Reviews: Mugshot, Warcoe, Haraball, Doomsday Profit (Spike & Rich Piva)

Mugshot - All The Devils Are Here (Pure Nosie Records) [Spike]

From the very first note of All The Devils Are Here, Mugshot throws you into the fire. There’s no slow build, no tentative step forward, it’s immediate, a full-on confrontation that grabs hold of your senses and won’t release them until the final track fades. This is a record that thrives on tension, rage, and precision, and it shows a band utterly confident in the power of their sound.

The album is compact but punishing: twelve tracks in just over twenty-five minutes, each one a concentrated burst of anger and energy. Die In Fear kicks things off with distorted bass, screaming vocals, and sharp, jagged riffs that set the tone for what’s to come. There’s an immediacy here that’s both thrilling and slightly unsettling, you feel like you’re inside the room with the band, pressed close enough to catch every nuance of their ferocity.

Tracks like Afore A Waking Nightmare and Shame showcase Mugshot’s ability to combine brutality with precision. The riffs cut cleanly through the mix, while the drums hammer with a relentless, almost ritualistic energy. The band knows exactly when to let the song breathe and when to strike again, creating a dynamic tension that keeps you off-balance. It’s aggressive but never chaotic, every note and breakdown feels intentional, like part of a larger narrative of frustration, defiance, and dark humour.

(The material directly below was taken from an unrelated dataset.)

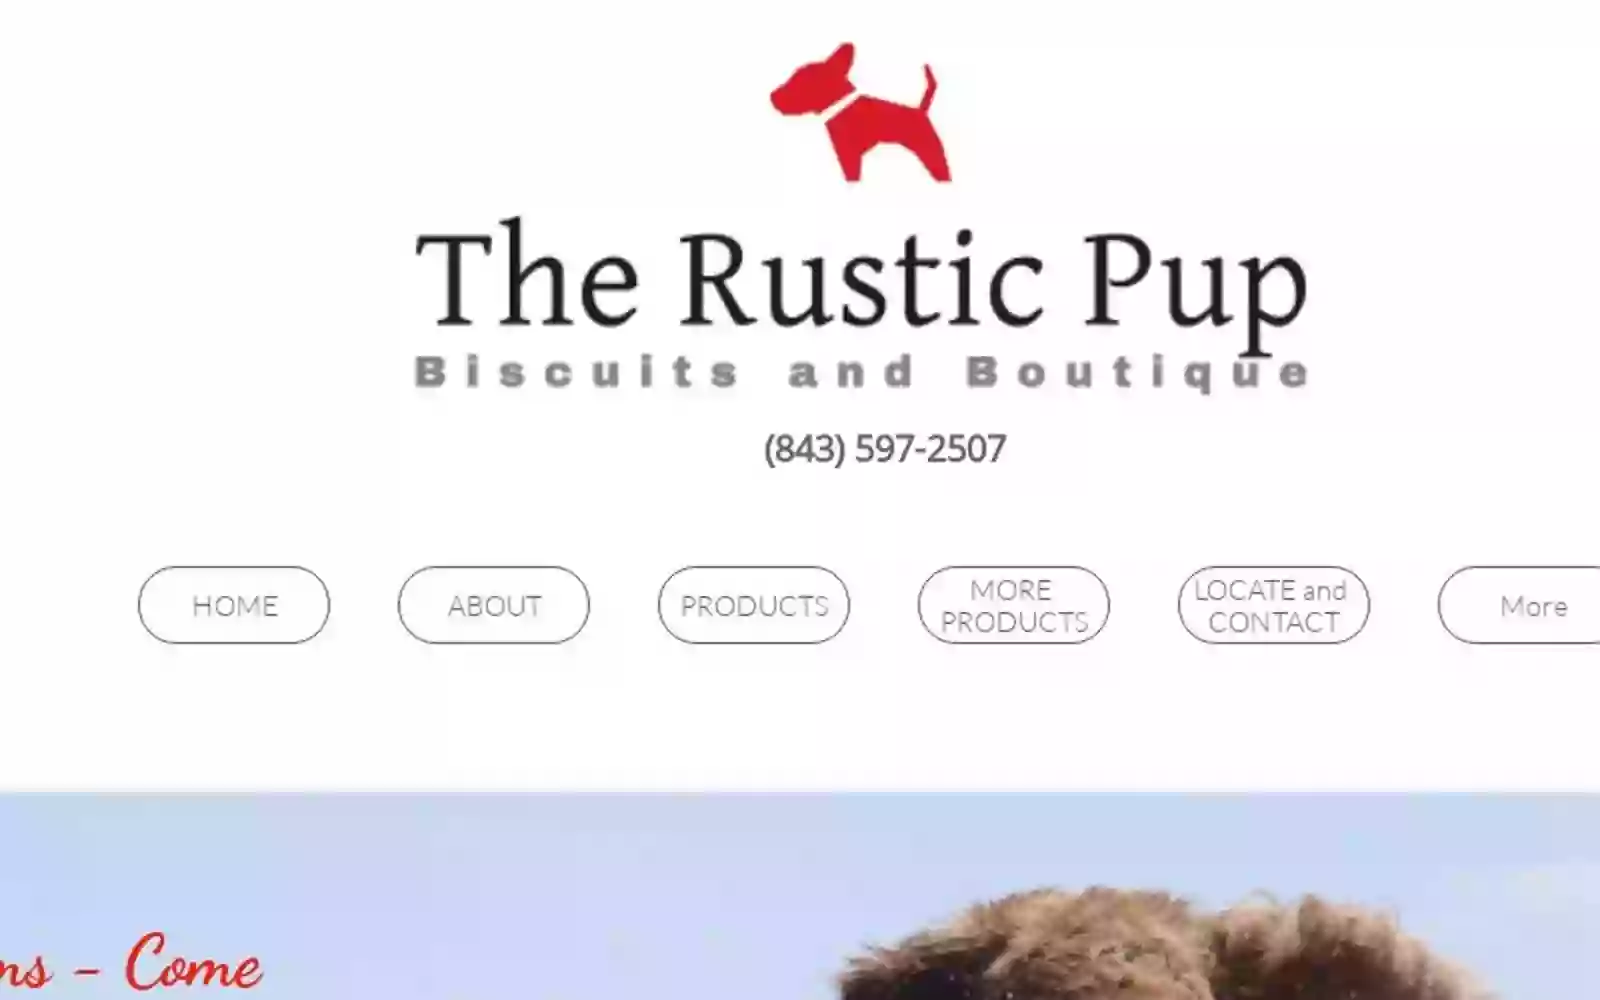 The Rustic Pup Biscuits & Boutique
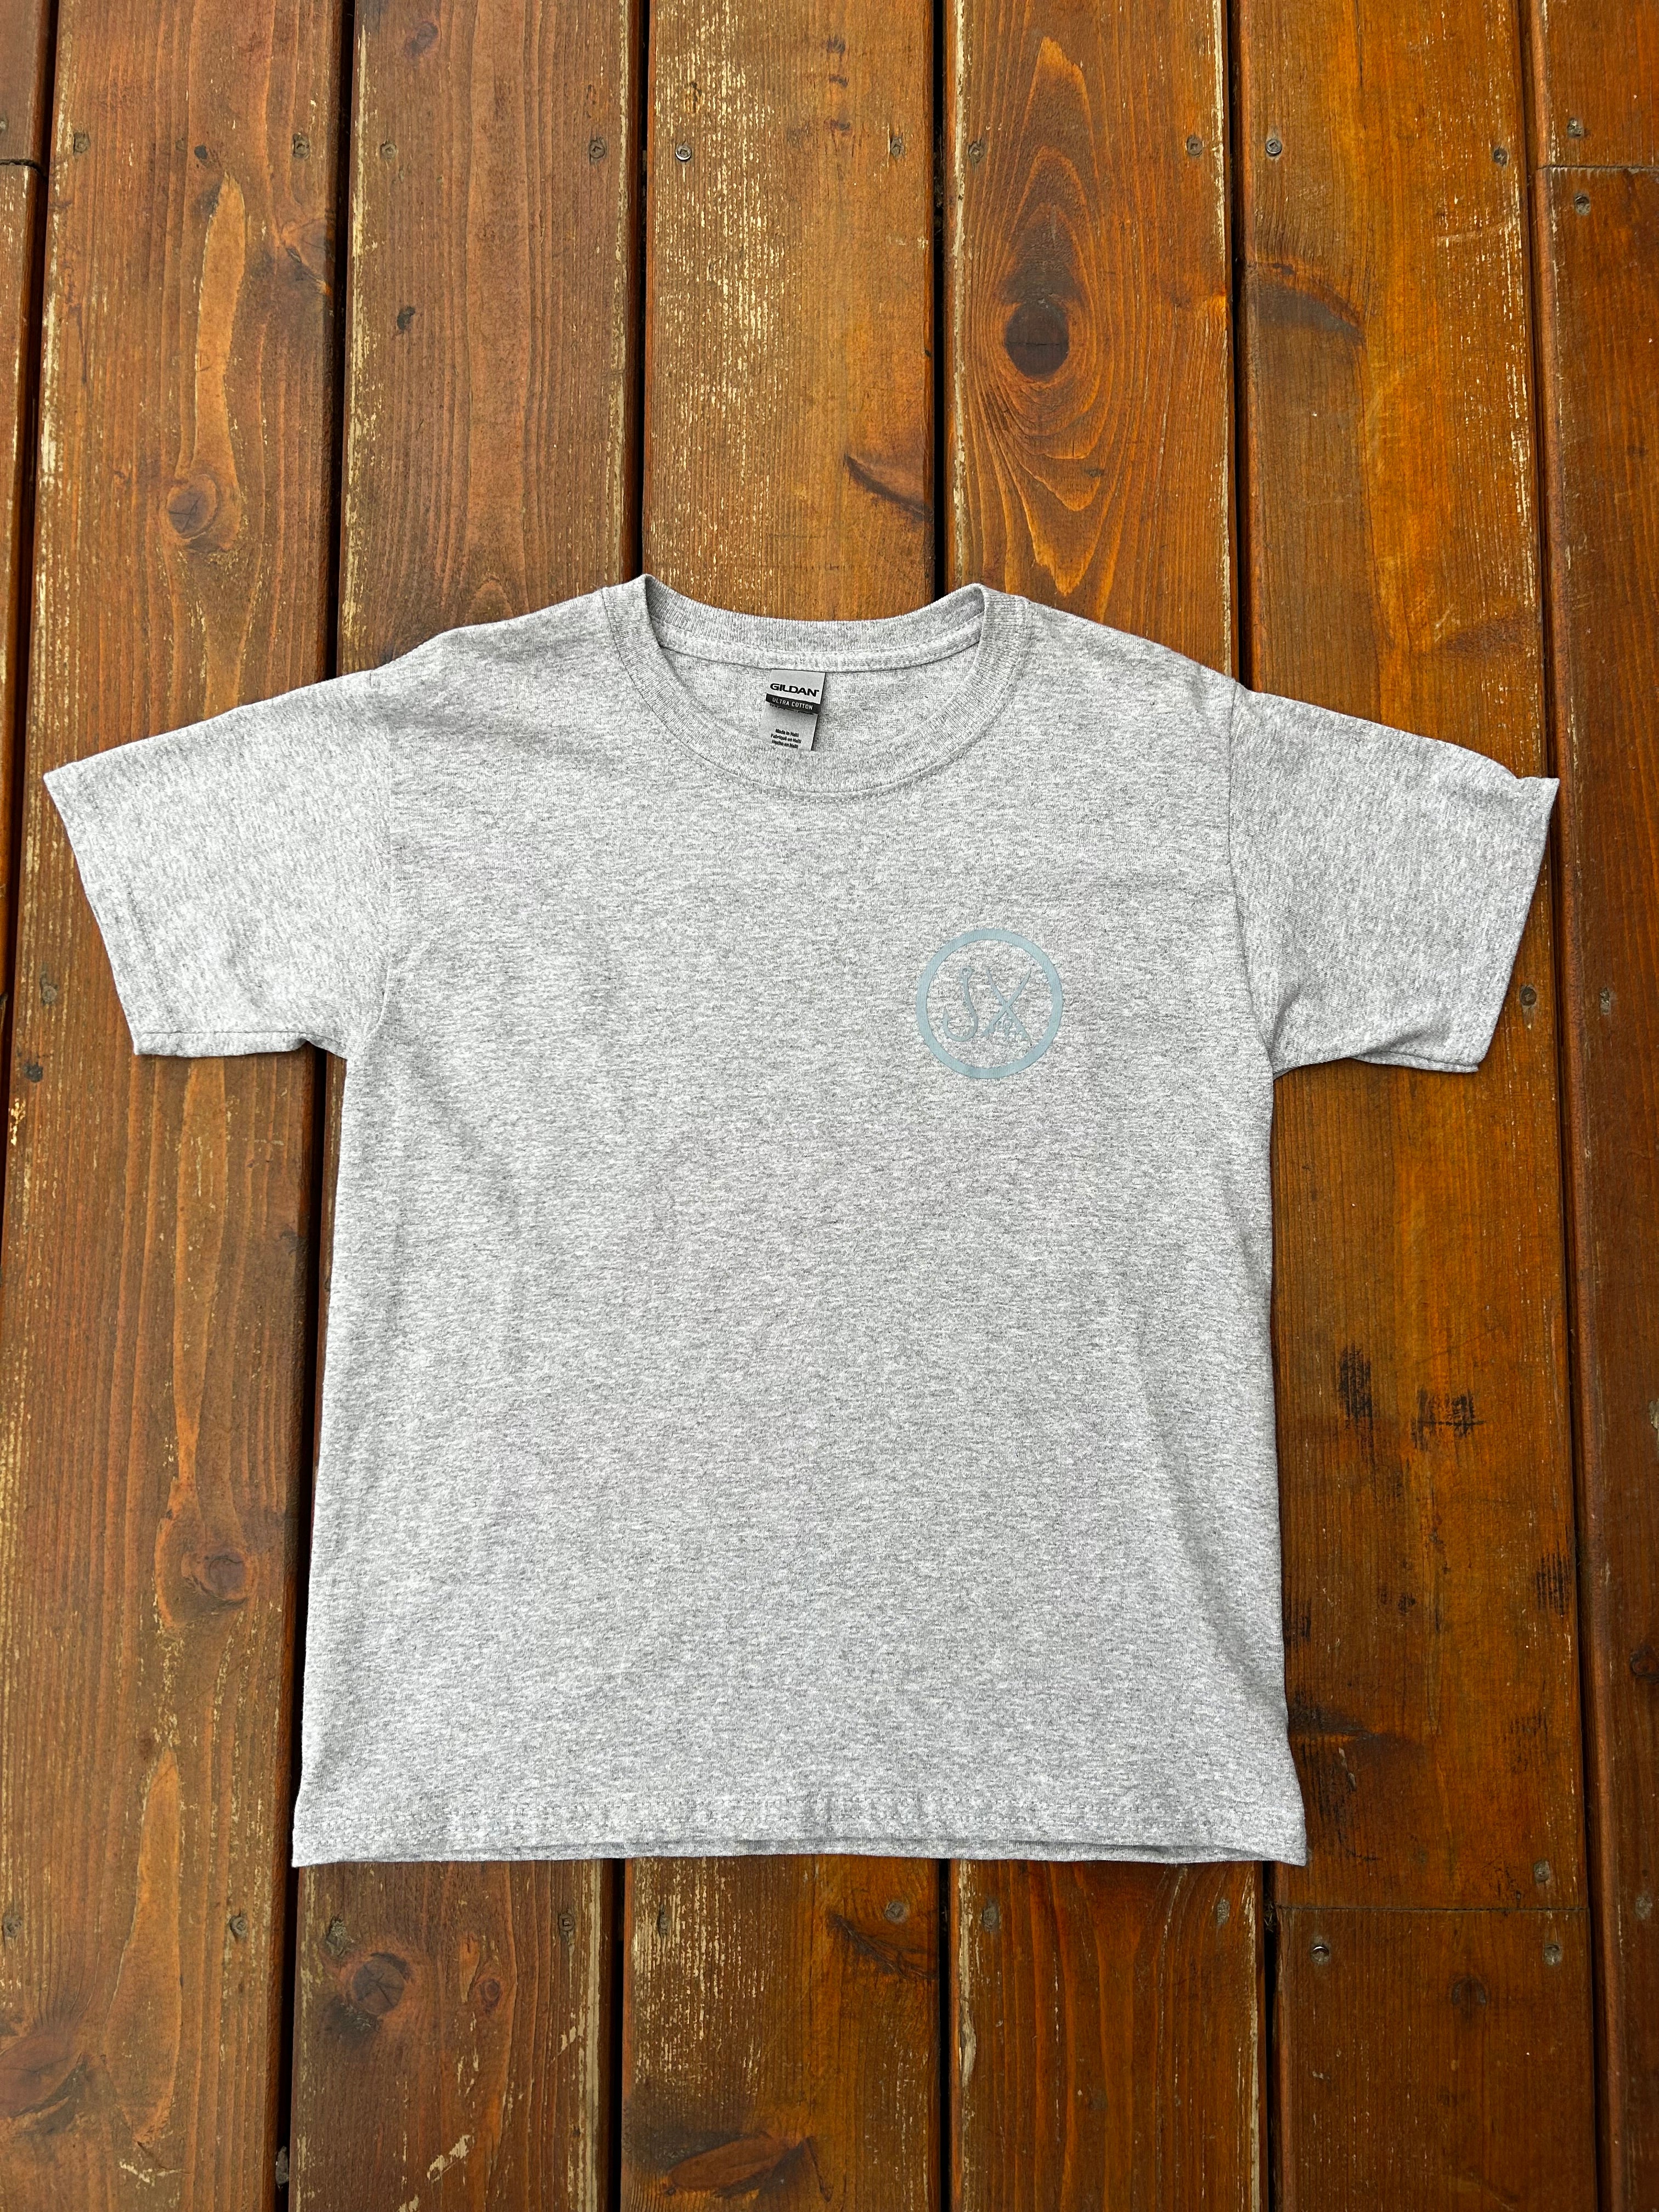 JX by Relic Youth T-shirt

Ringo Waterman’s vocals are a standout, visceral and expressive. Whether he’s delivering guttural shouts or high-pitched screams, his performance carries the full weight of the lyrics. The emotional intensity isn’t just heard, it’s felt, echoing through your chest and lingering long after the music stops. There’s a physicality to his delivery that matches the band’s instrumental onslaught, making the record an almost tangible experience when played on speakers, and a microcosm of detail when heard on headphones.

One of the album’s strengths is its pacing. Despite its brevity, it never feels rushed. Songs like The Abyss Stares Back and Sick And Tired are constructed with careful attention to tension and release, alternating between bursts of sheer aggression and moments where melody sneaks through the cracks. It keeps the listener engaged, providing relief without diluting the intensity. Each track is a statement in itself, but together they form a cohesive, punishing journey.

Production-wise, the album balances clarity and rawness perfectly. Every drum hit, guitar riff, and vocal scream cuts through cleanly, but the mix retains the grit that gives Mugshot their edge. You can feel the room in the recordings, the space between instruments, the weight of the bass, the sting of the guitars, all contributing to an immersive listening experience.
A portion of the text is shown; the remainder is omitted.